I will be analysing the dataset using simple visualizations to answer the above mentioned questions. To begin with, I am loading all the necessary packages to visualize the data. The data contains all the necessary information like year, genre, country, etc to facilitate my research.

In [None]:
#Importing all necessary packages required to visualize the data

import matplotlib.pyplot as plt
import plotly.express as px
import datetime
from wordcloud import WordCloud, STOPWORDS, ImageColorGenerator
from PIL import Image

import warnings
warnings.filterwarnings("ignore")

#Importing the dataset

df = pd.read_csv("../input/imdb-extensive-dataset/IMDb movies.csv")
df.head(5)

**Top 15 Countries Producing Movie Content**

I want find out the top 15 countries that make the most movie content. I will begin with isolating the data and then visualize it into a pie chart.

In [None]:
#creating variable
df_country = df['country'].value_counts().sort_values(ascending=False)

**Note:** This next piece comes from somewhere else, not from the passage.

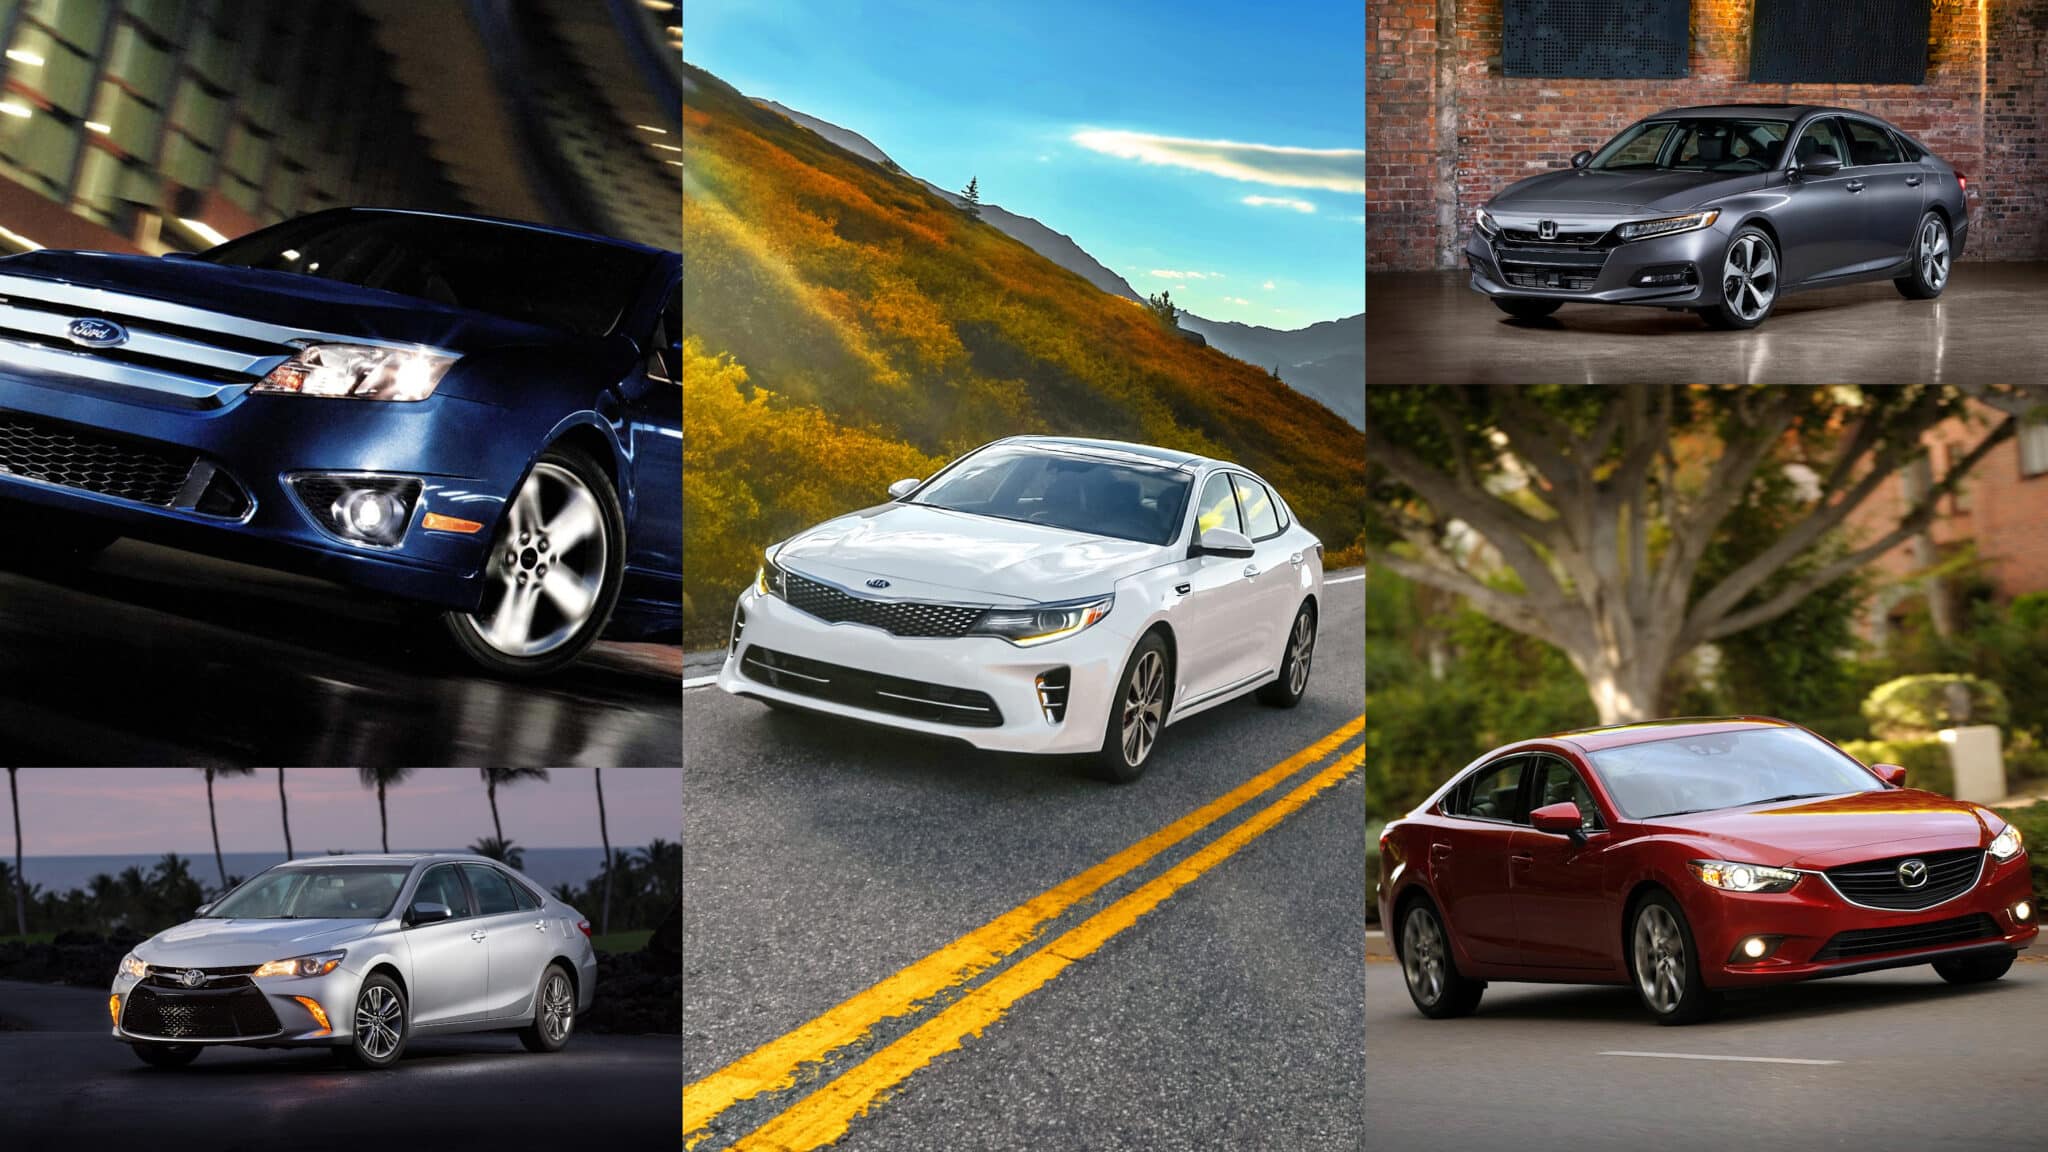 Used Ford Fusion buyer's guide

#limiting content to top 15
top15countries = df_country.head(15)
top15countries

In [None]:
#Creating pie visualizations

Visualization = px.pie(values=top15countries, 
                       names=top15countries.index,title='Top 15 Countries Producing Movie Content')

Visualization.show()

**Top 15 Languages for Movie Content**

Next, I want find out the top 15 languages for movie content. I will begin with isolating the data and then visualize it into a funnel chart.

In [None]:
#creating variable
df_languages = df['language'].value_counts().sort_values(ascending=False)

#limiting content to top 15
top15languages = df_languages.head(15)
top15languages

In [None]:
#Creating funnel visualizations

Visualization = px.funnel(top15languages,title='Types of Rating on Netflix')

Visualization.show()

**Genre Most Movies Are Made In**

I am using word cloud to visualize the most popular genre movies are made in. Word clouds, while not accurately quantitative, help in quickly visualizing the most popular genres at a glance.

In [None]:
names=list(df['genre'])
word=[]

#splitting the genre into seperate words

for i in names:
    i=list(i.split())
    for j in i:
        word.append(j.replace(' ',""))

from wordcloud import WordCloud, STOPWORDS, ImageColorGenerator
from PIL import Image

text = list(set(word))
plt.rcParams['figure.figsize'] = (13, 13)

#Filtering out words i dont want to use

stopwords = set(STOPWORDS)
stopwords.update(["Film",'Fi'])

#create variable to generate a wordcloud image 

wordcloud = WordCloud(stopwords=stopwords,max_words=1000000,background_color="white").generate(str(text))

#show wordcloud image

plt.imshow(wordcloud,interpolation="bilinear")
plt.axis("off")
plt.show()

**Rise in the Number of Movies Released Each Year**

Media content has been increasing throughout the years as newer platforms are created. Here, I want to visualize the rise in movie releases throughout the years and to see how covid affected the release of movies in 2019 ad 2020.

In [None]:
#Creating variables to plot graph

totalmovies=px.bar(df.groupby('year').size())

totalmovies.update_layout(title_text='Total Number of Movies Per Year', title_x=0.5, showlegend=False)

**Conclusion**

Overall, this mini project provided me with some compelling insights and stats about movies and films released though history. Through this project, I could analyse the data and create visualizations that helped me answer a few curiosities that I had about movies. 

Moving ahead, it would be fun to explore teh possibilities to implement robust versions of these visualizations into the IMDb website for people to view. I would also be keen to take a deeper dive and analyse a few key events in the movie world like netflix releasing their own content, launch of new media platforms like amaxon prime, hulu, etc.